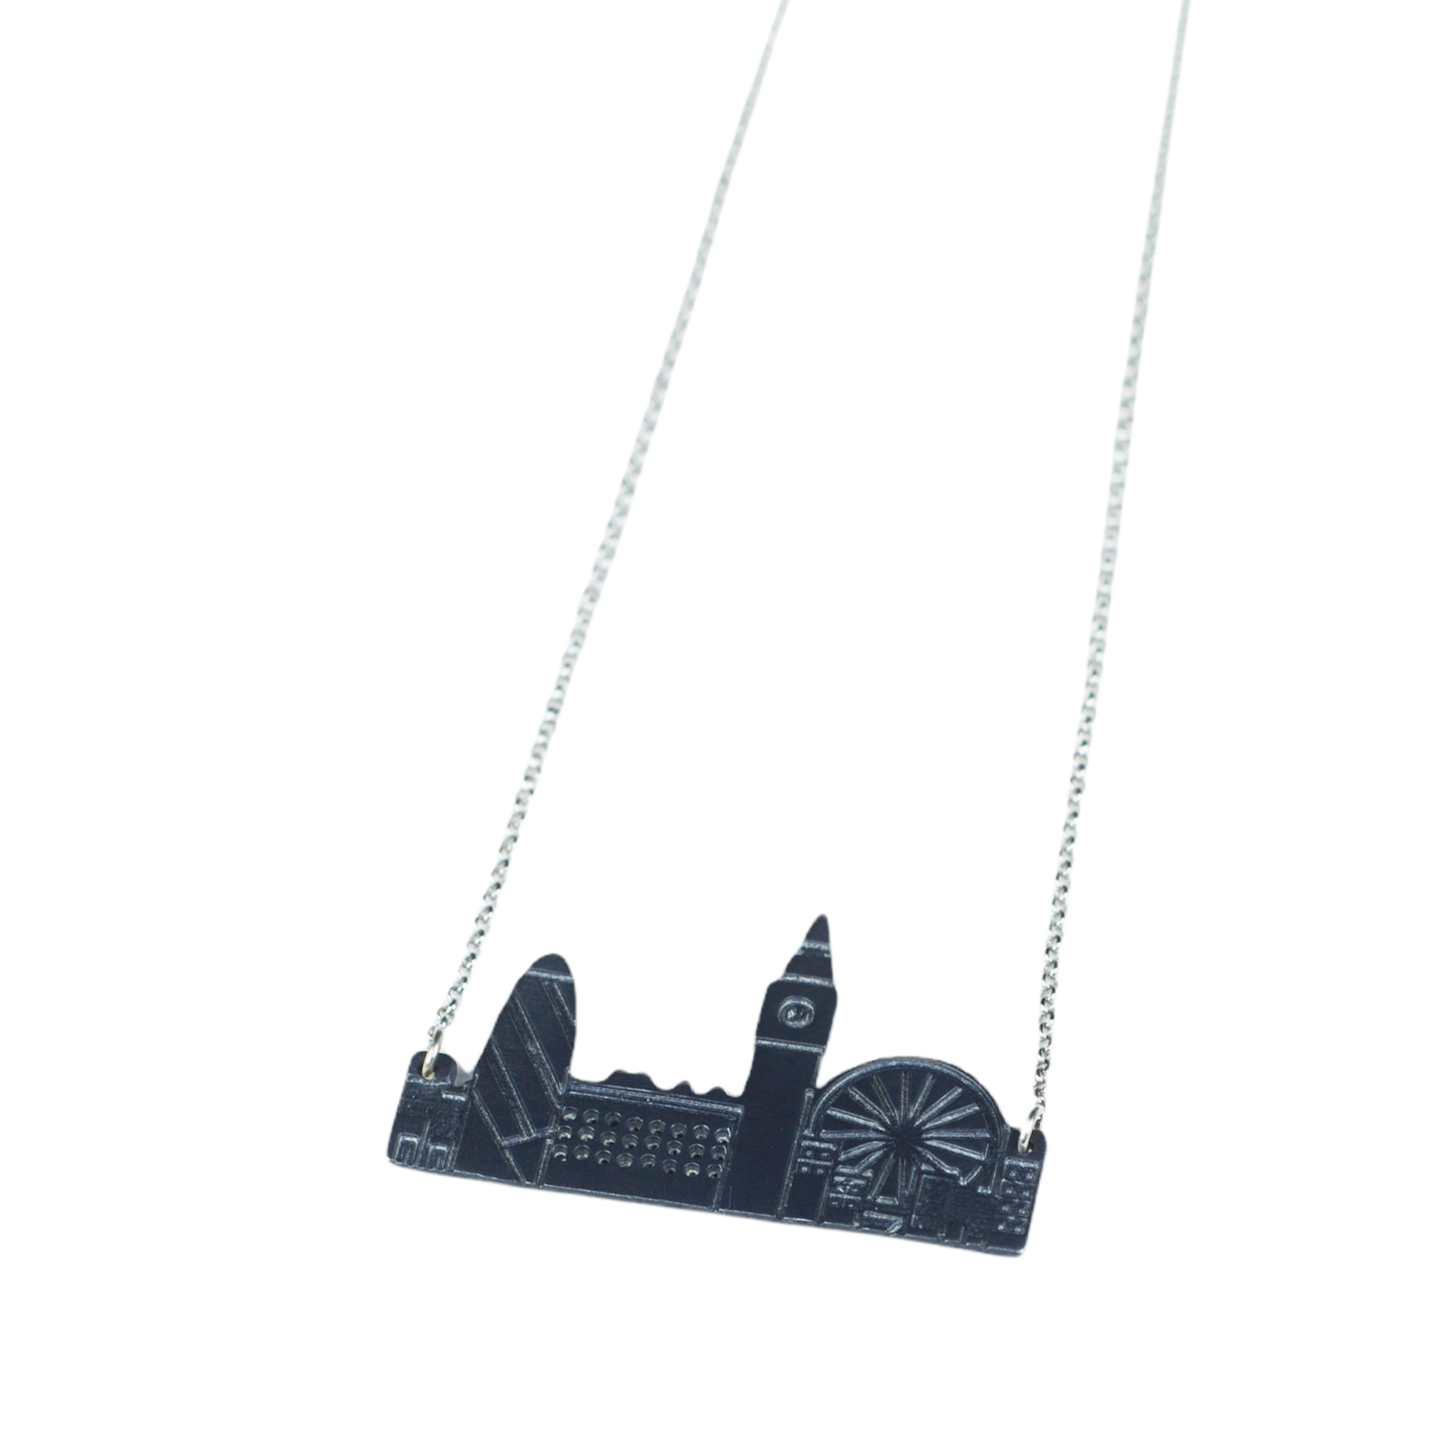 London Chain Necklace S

---

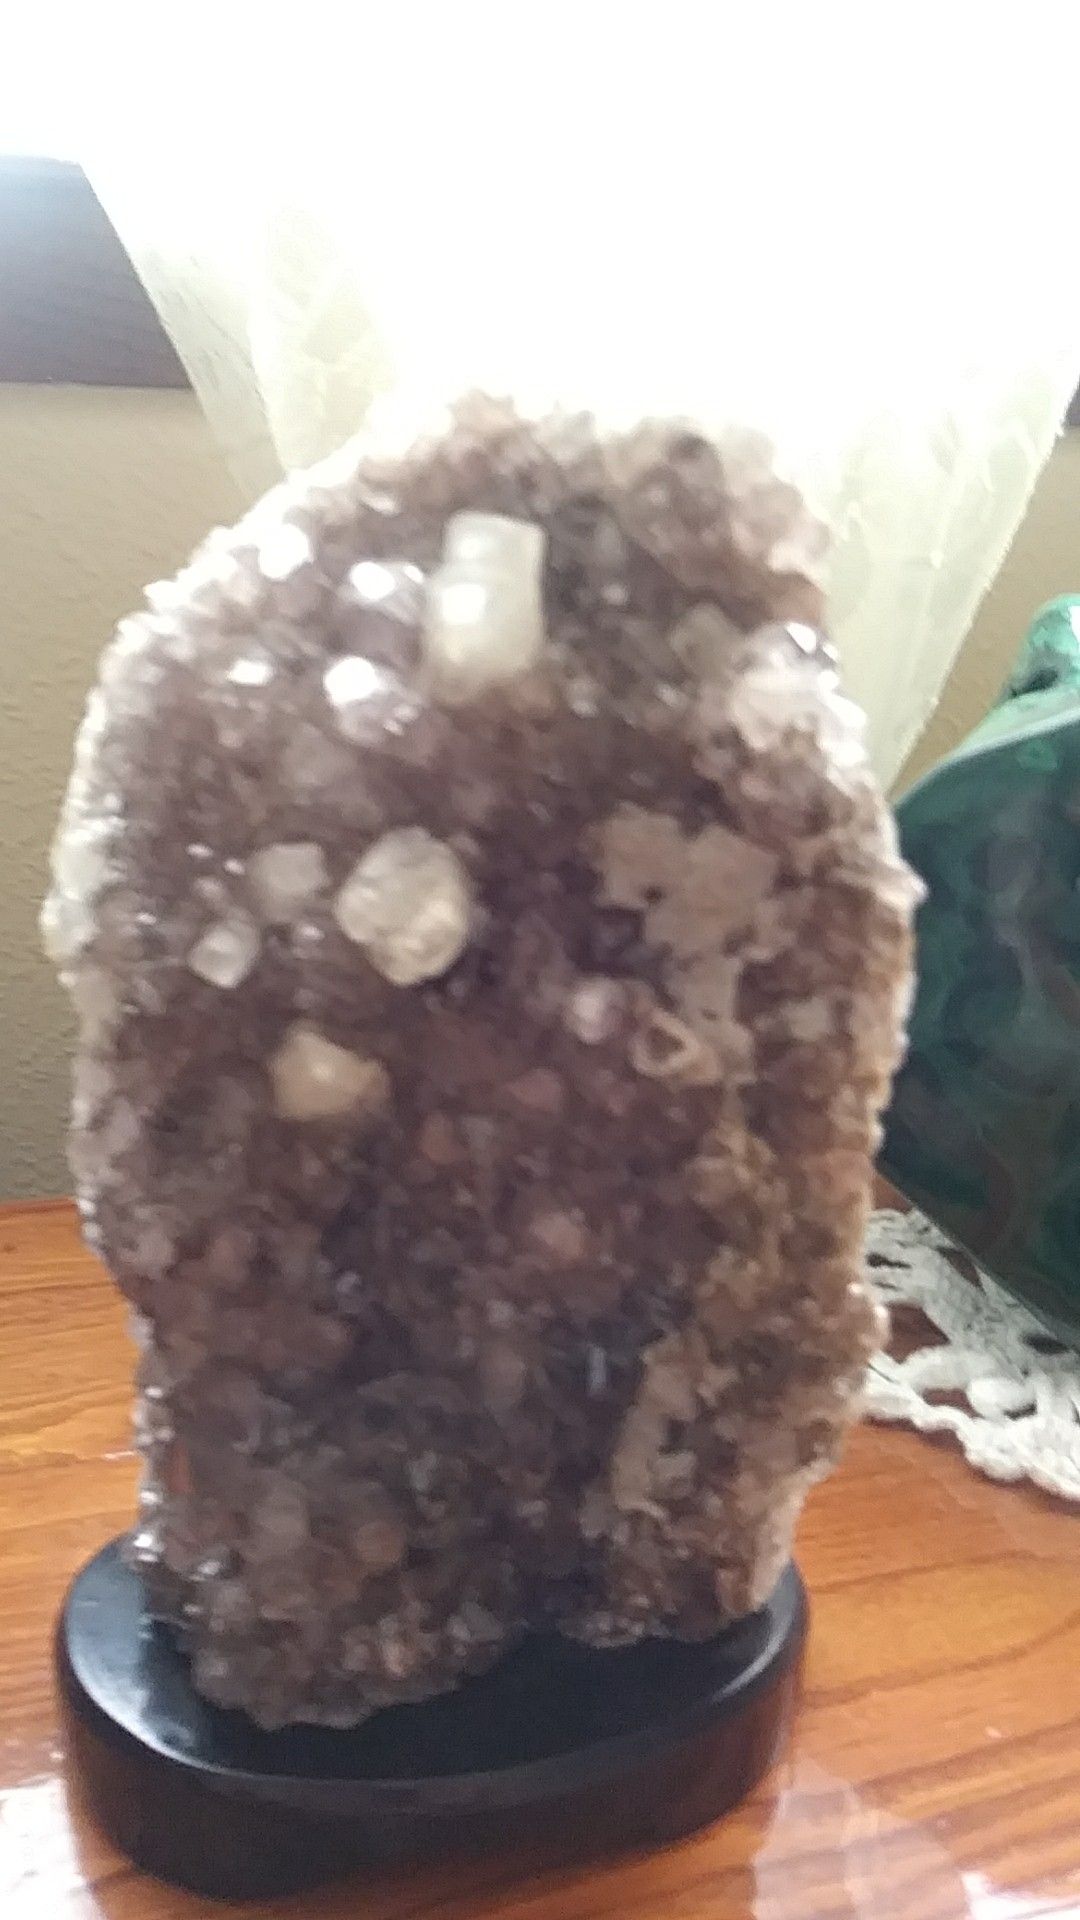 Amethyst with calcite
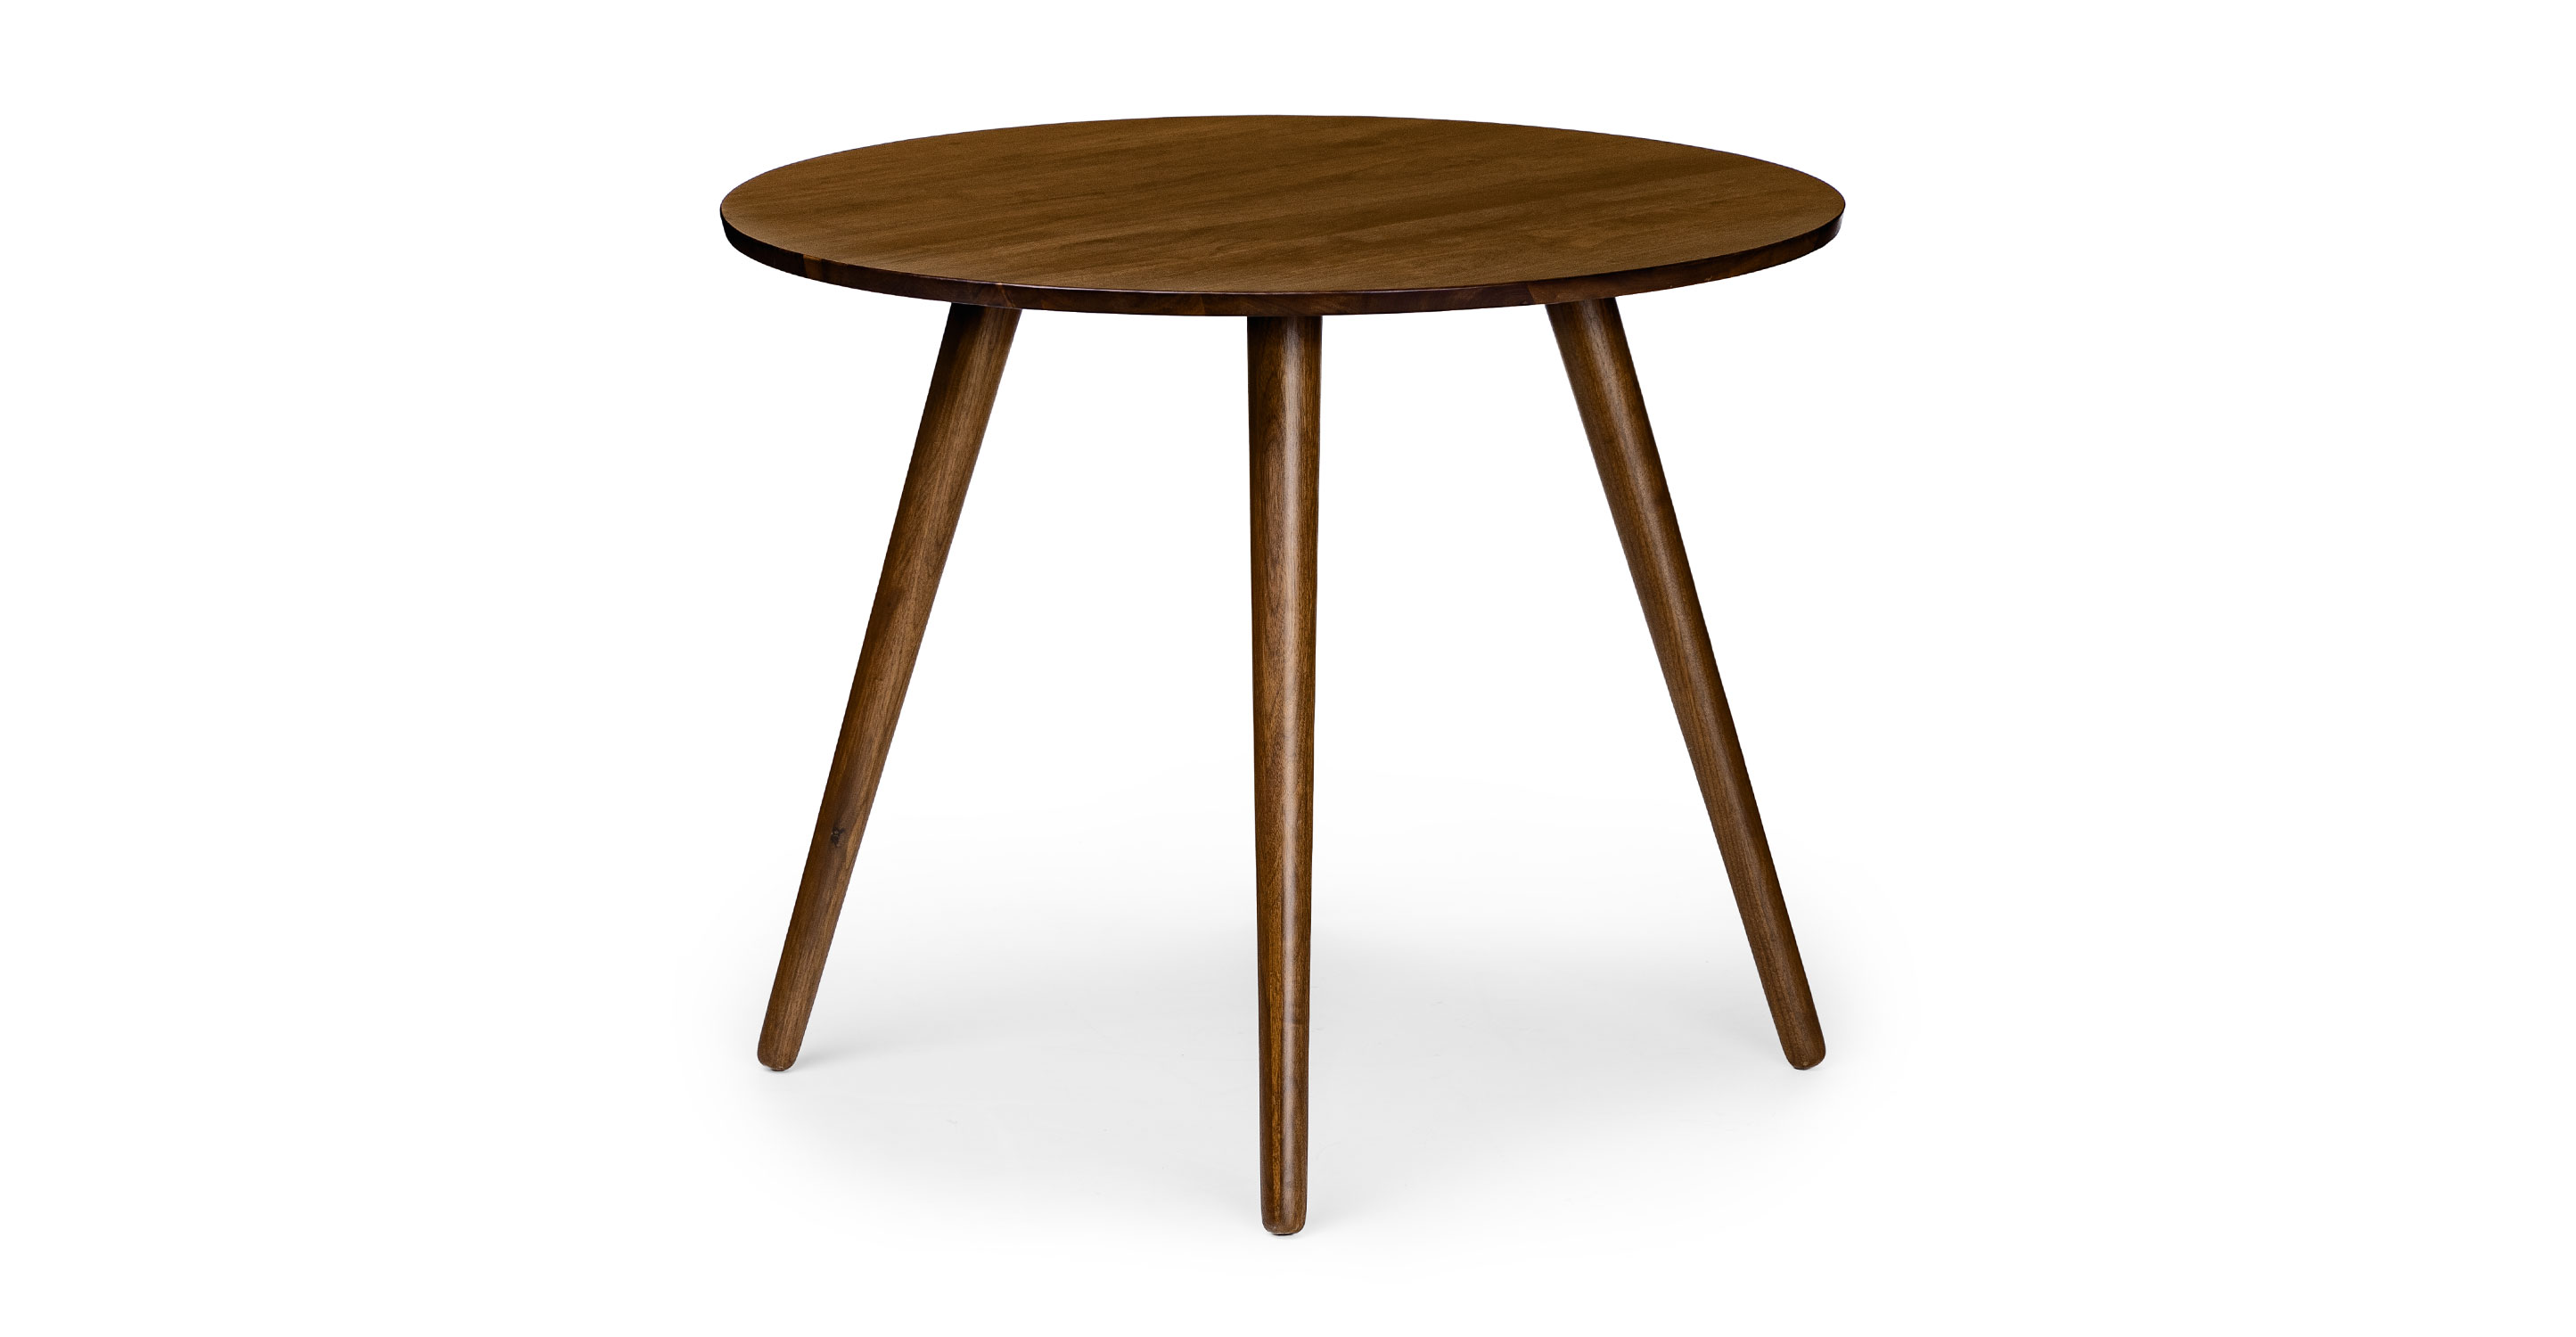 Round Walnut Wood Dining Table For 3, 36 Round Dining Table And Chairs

---

▶ _Instructions to follow_: Leaving out each picture, repeat exactly the lines above from the one that contains "Amethyst with calcite" through the one that contains "Round Walnut Wood".

▶ _Task solution_:
 Amethyst with calcite
 Round Walnut Wood Dining Table For 3, 36 Round Dining Table And Chairs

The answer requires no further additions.